# 4.6: CONVEX FUNCTIONS AND DERIVATIVES (2023)

1. Last updated
2. Save as PDF
• Page ID
49118
• $$\newcommand{\vecs}{\overset { \rightharpoonup} {\mathbf{#1}}}$$ $$\newcommand{\vecd}{\overset{-\!-\!\rightharpoonup}{\vphantom{a}\smash{#1}}}$$$$\newcommand{\id}{\mathrm{id}}$$ $$\newcommand{\Span}{\mathrm{span}}$$ $$\newcommand{\kernel}{\mathrm{null}\,}$$ $$\newcommand{\range}{\mathrm{range}\,}$$ $$\newcommand{\RealPart}{\mathrm{Re}}$$ $$\newcommand{\ImaginaryPart}{\mathrm{Im}}$$ $$\newcommand{\Argument}{\mathrm{Arg}}$$ $$\newcommand{\norm}{\| #1 \|}$$ $$\newcommand{\inner}{\langle #1, #2 \rangle}$$ $$\newcommand{\Span}{\mathrm{span}}$$ $$\newcommand{\id}{\mathrm{id}}$$ $$\newcommand{\Span}{\mathrm{span}}$$ $$\newcommand{\kernel}{\mathrm{null}\,}$$ $$\newcommand{\range}{\mathrm{range}\,}$$ $$\newcommand{\RealPart}{\mathrm{Re}}$$ $$\newcommand{\ImaginaryPart}{\mathrm{Im}}$$ $$\newcommand{\Argument}{\mathrm{Arg}}$$ $$\newcommand{\norm}{\| #1 \|}$$ $$\newcommand{\inner}{\langle #1, #2 \rangle}$$ $$\newcommand{\Span}{\mathrm{span}}$$$$\newcommand{\AA}{\unicode[.8,0]{x212B}}$$

We discuss in this section a class of functions that plays an important role in optimization problems. Figure $$4.6$$: A Convex Function.

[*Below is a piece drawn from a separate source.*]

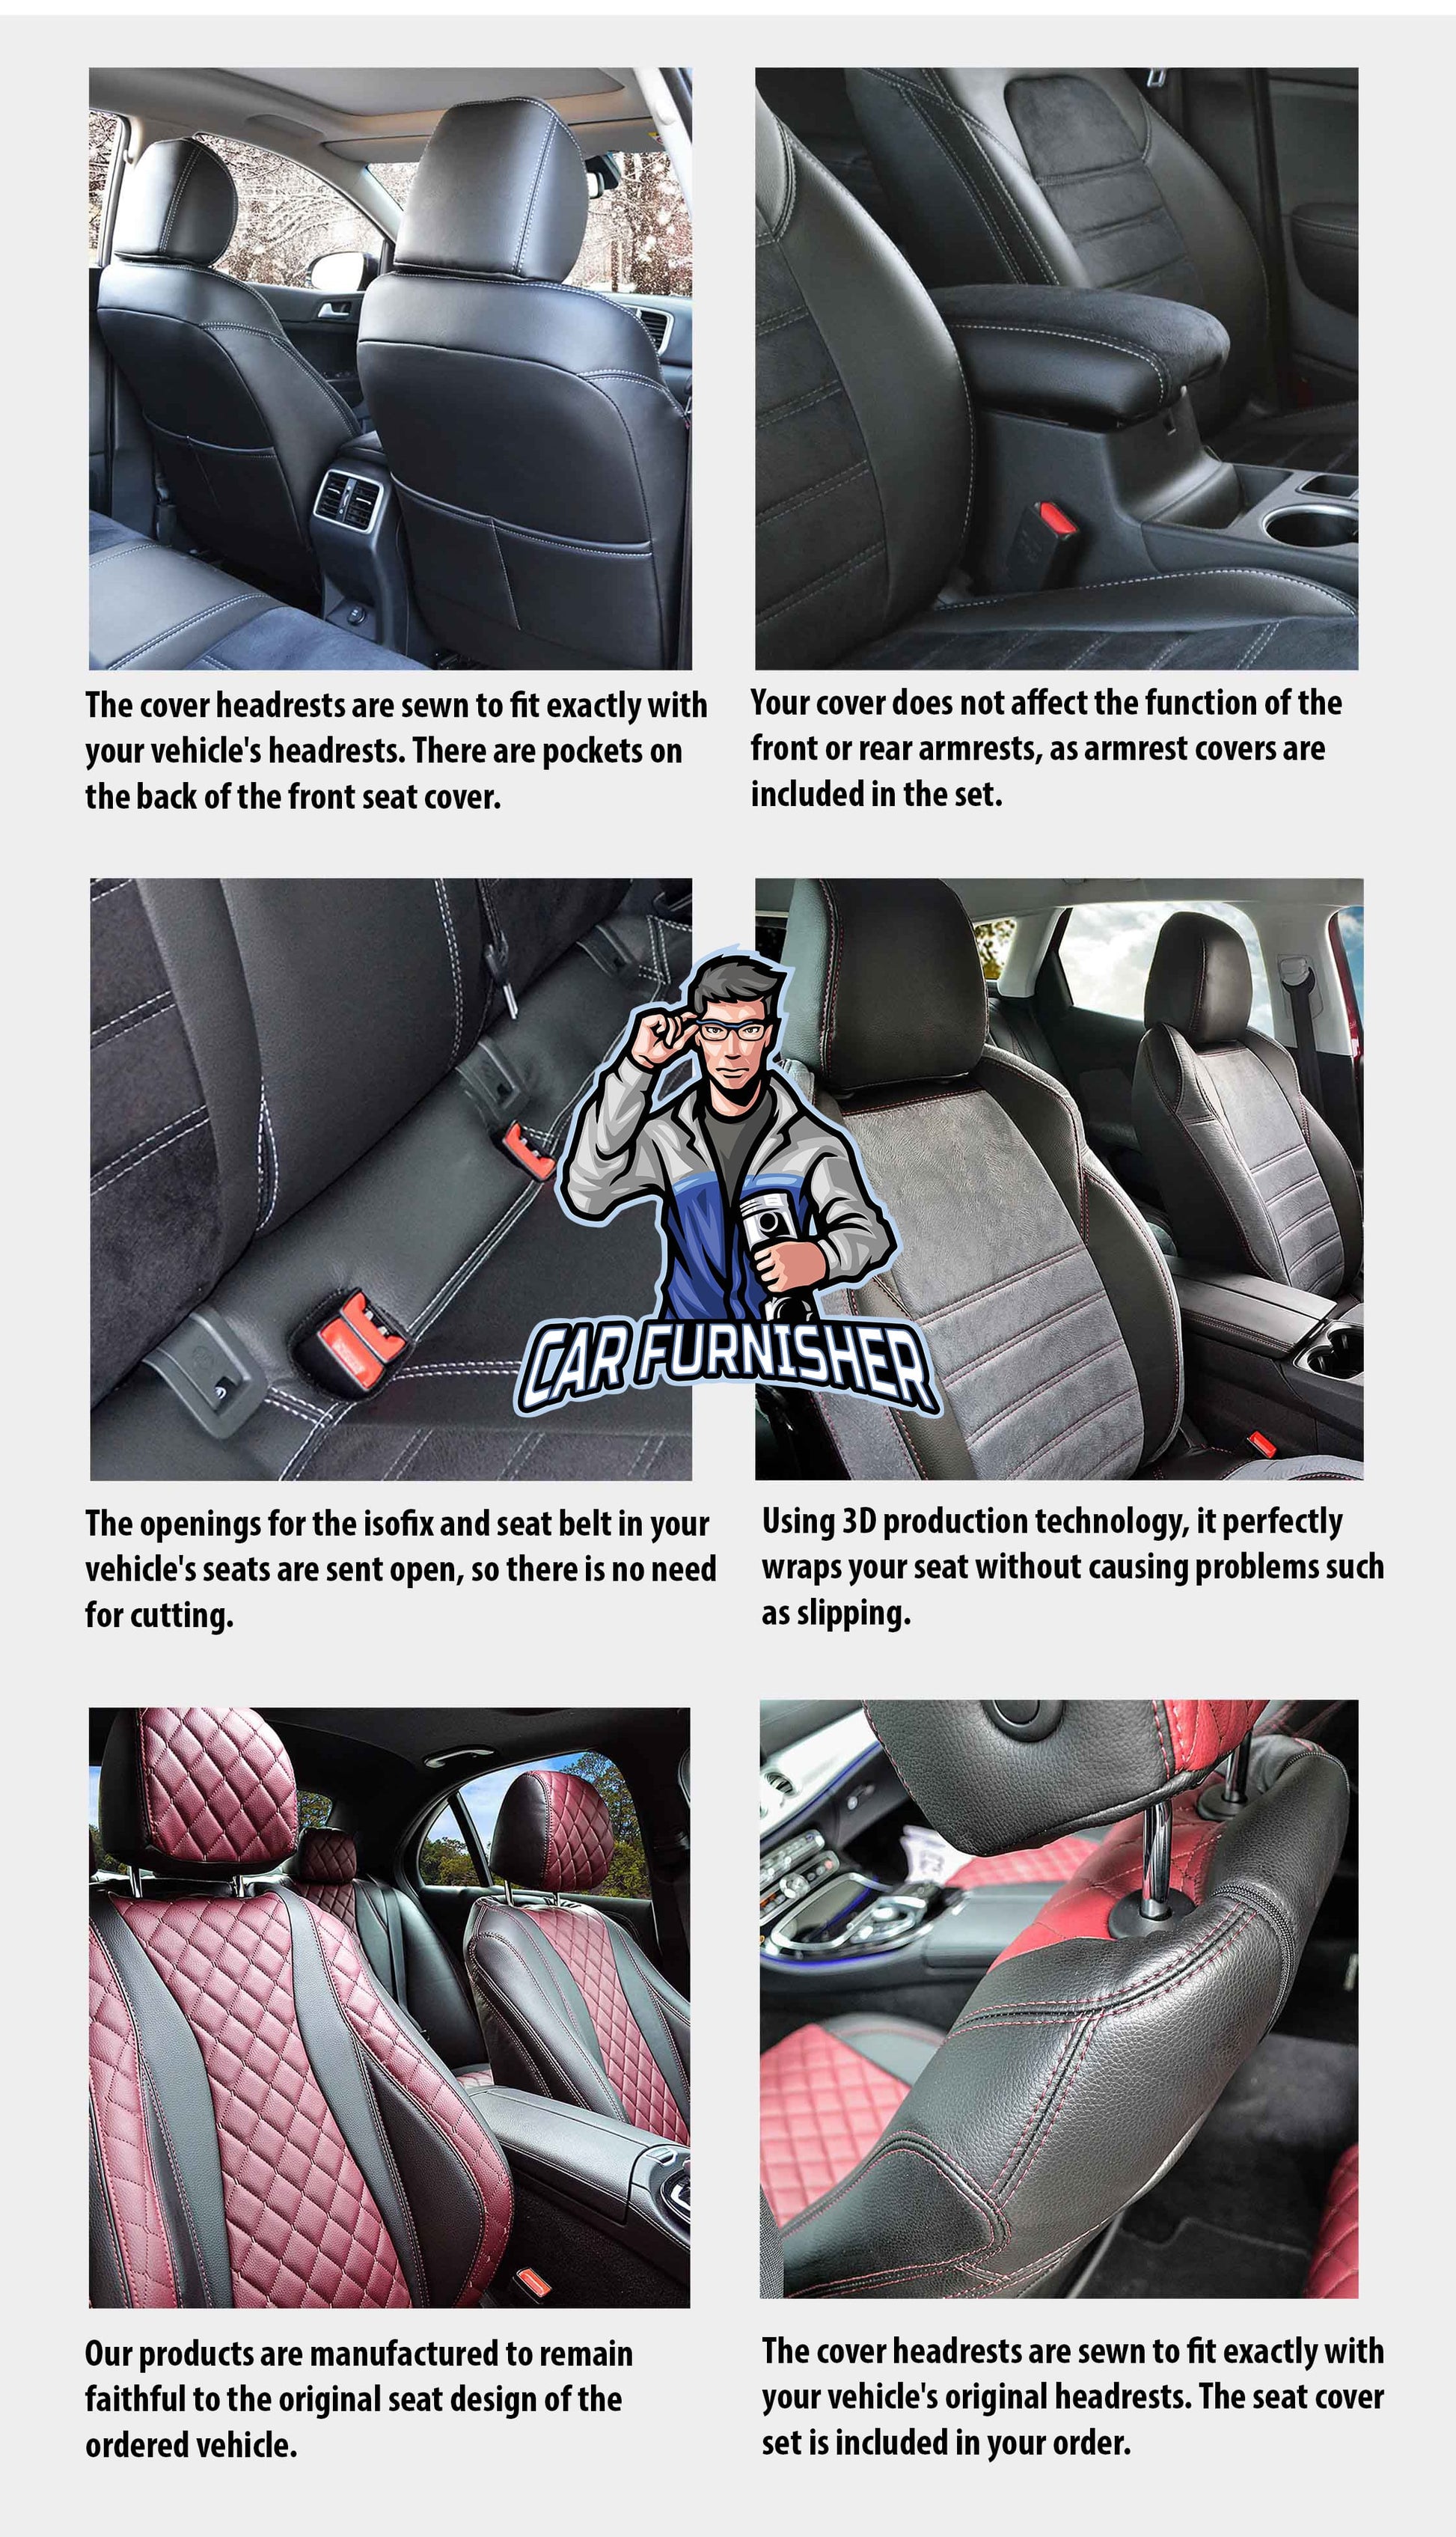 Volkswagen Transporter Seat Cover Camouflage Waterproof Design Thar Camo Waterproof Fabric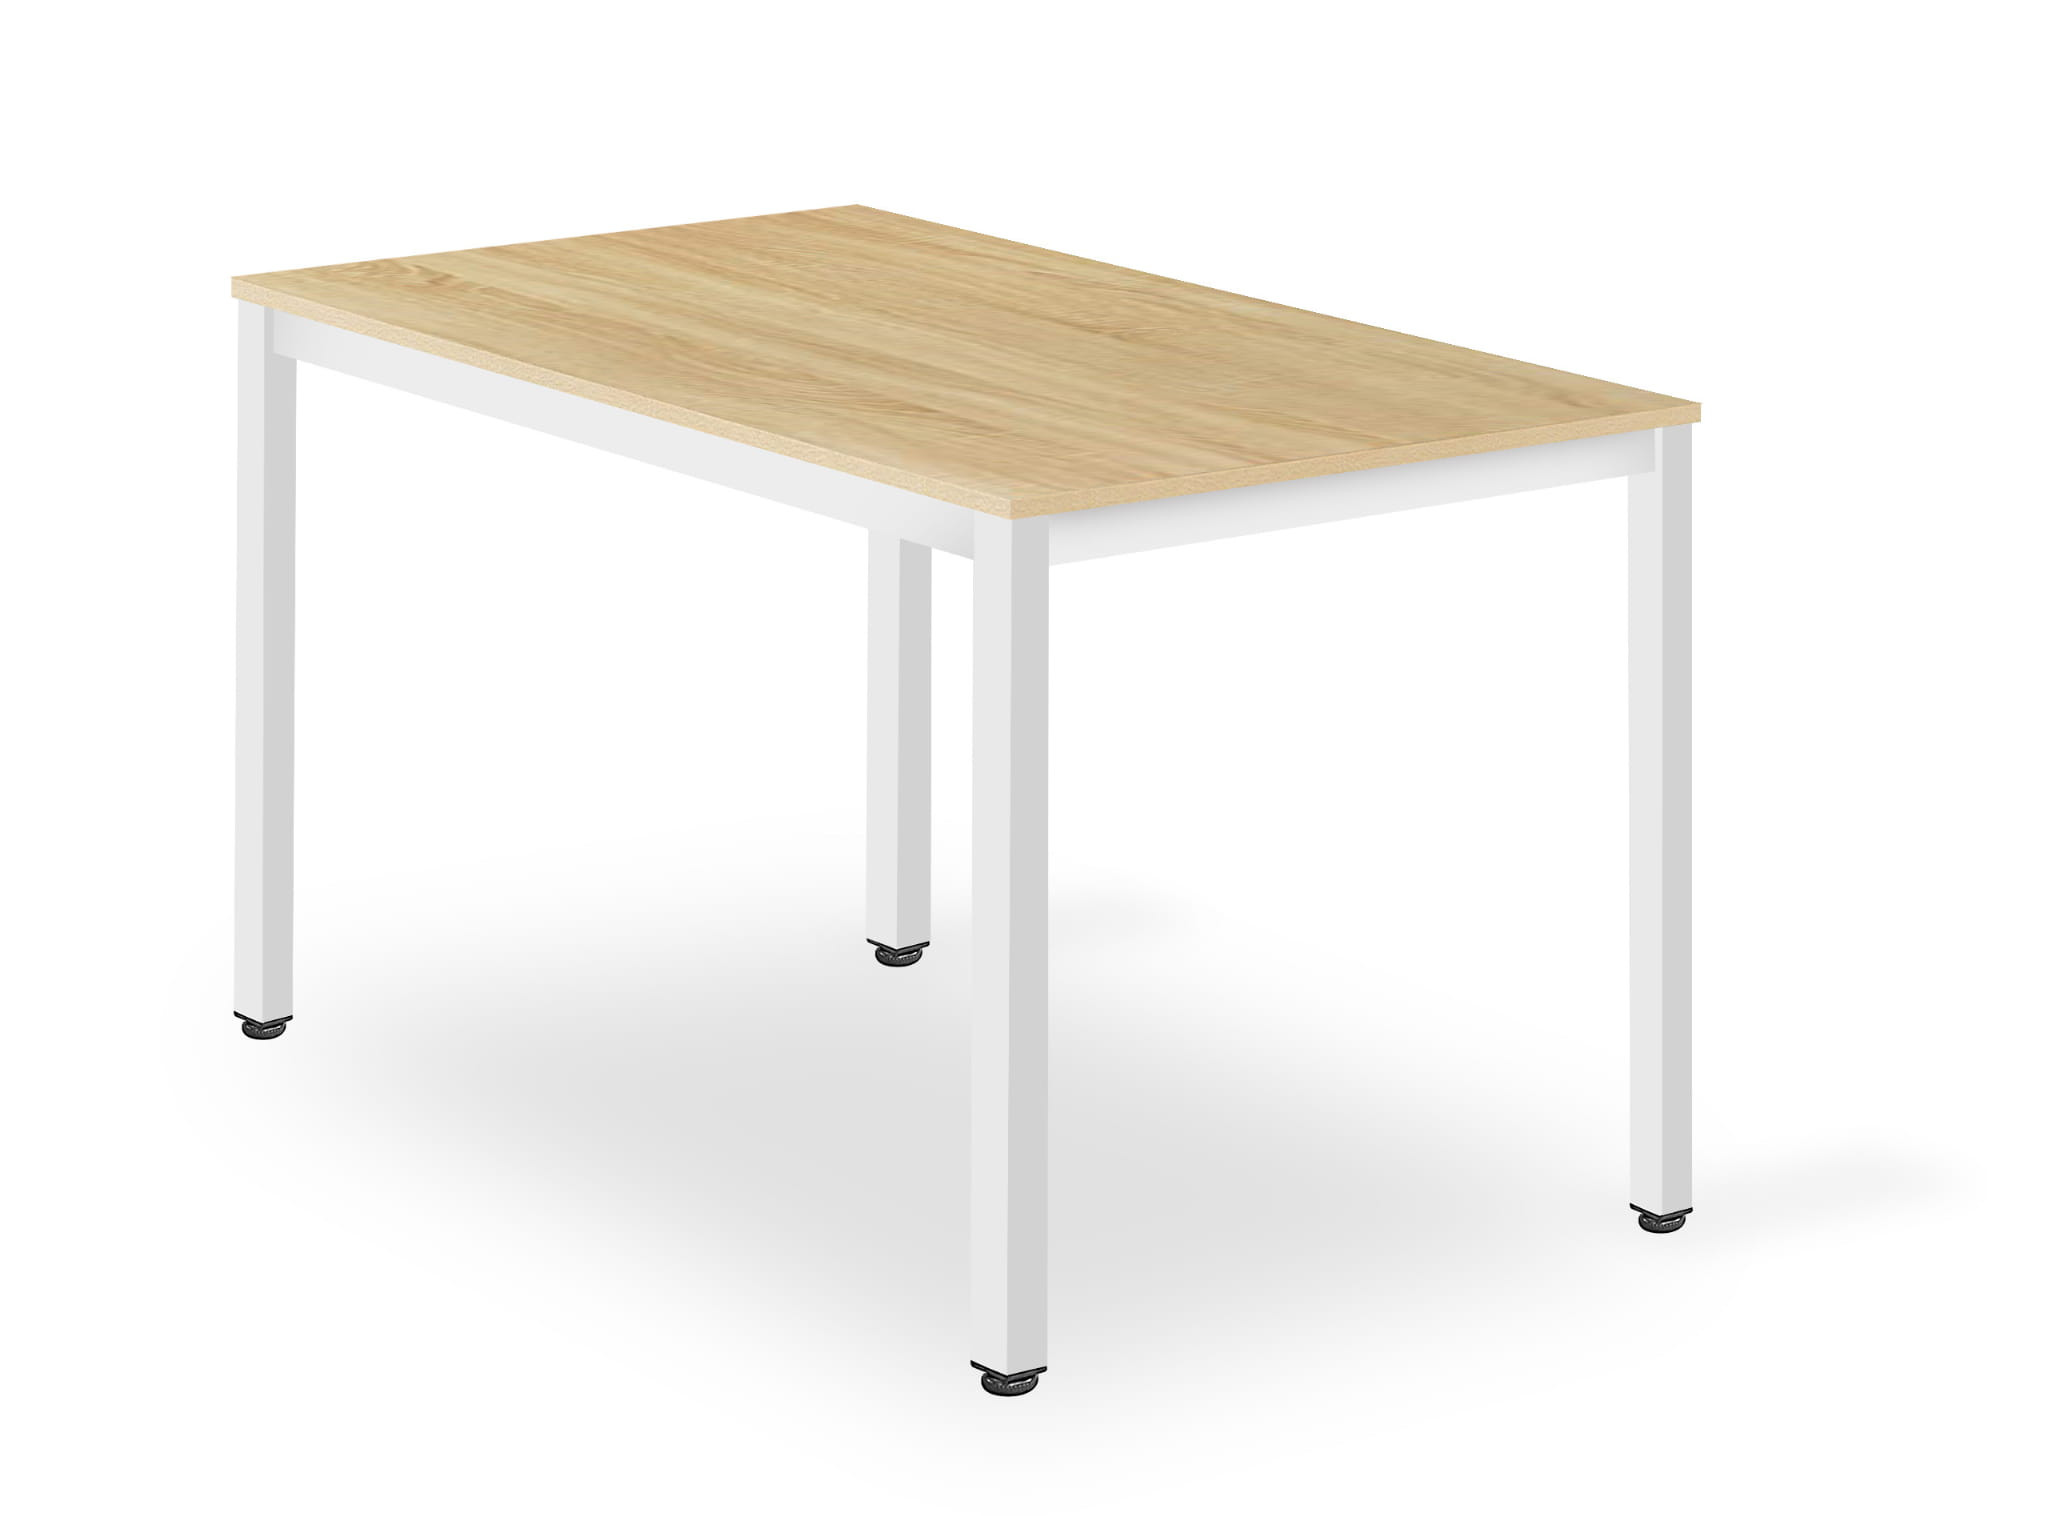 Jedálenský stôl TESSA dubový s bielymi nohami

## Definition $$\PageIndex{1}$$

Let $$I$$ be an interval of $$\mathbb{R}$$ and let $$f: I \rightarrow \mathbb{R}$$. We say that $$f$$ is convex on $$I$$ if $f(\lambda u+(1-\lambda) v) \leq \lambda f(u)+(1-\lambda) f(v)$ for all $$u, v \in I$$ and for all $$\lambda \in (0, 1)$$.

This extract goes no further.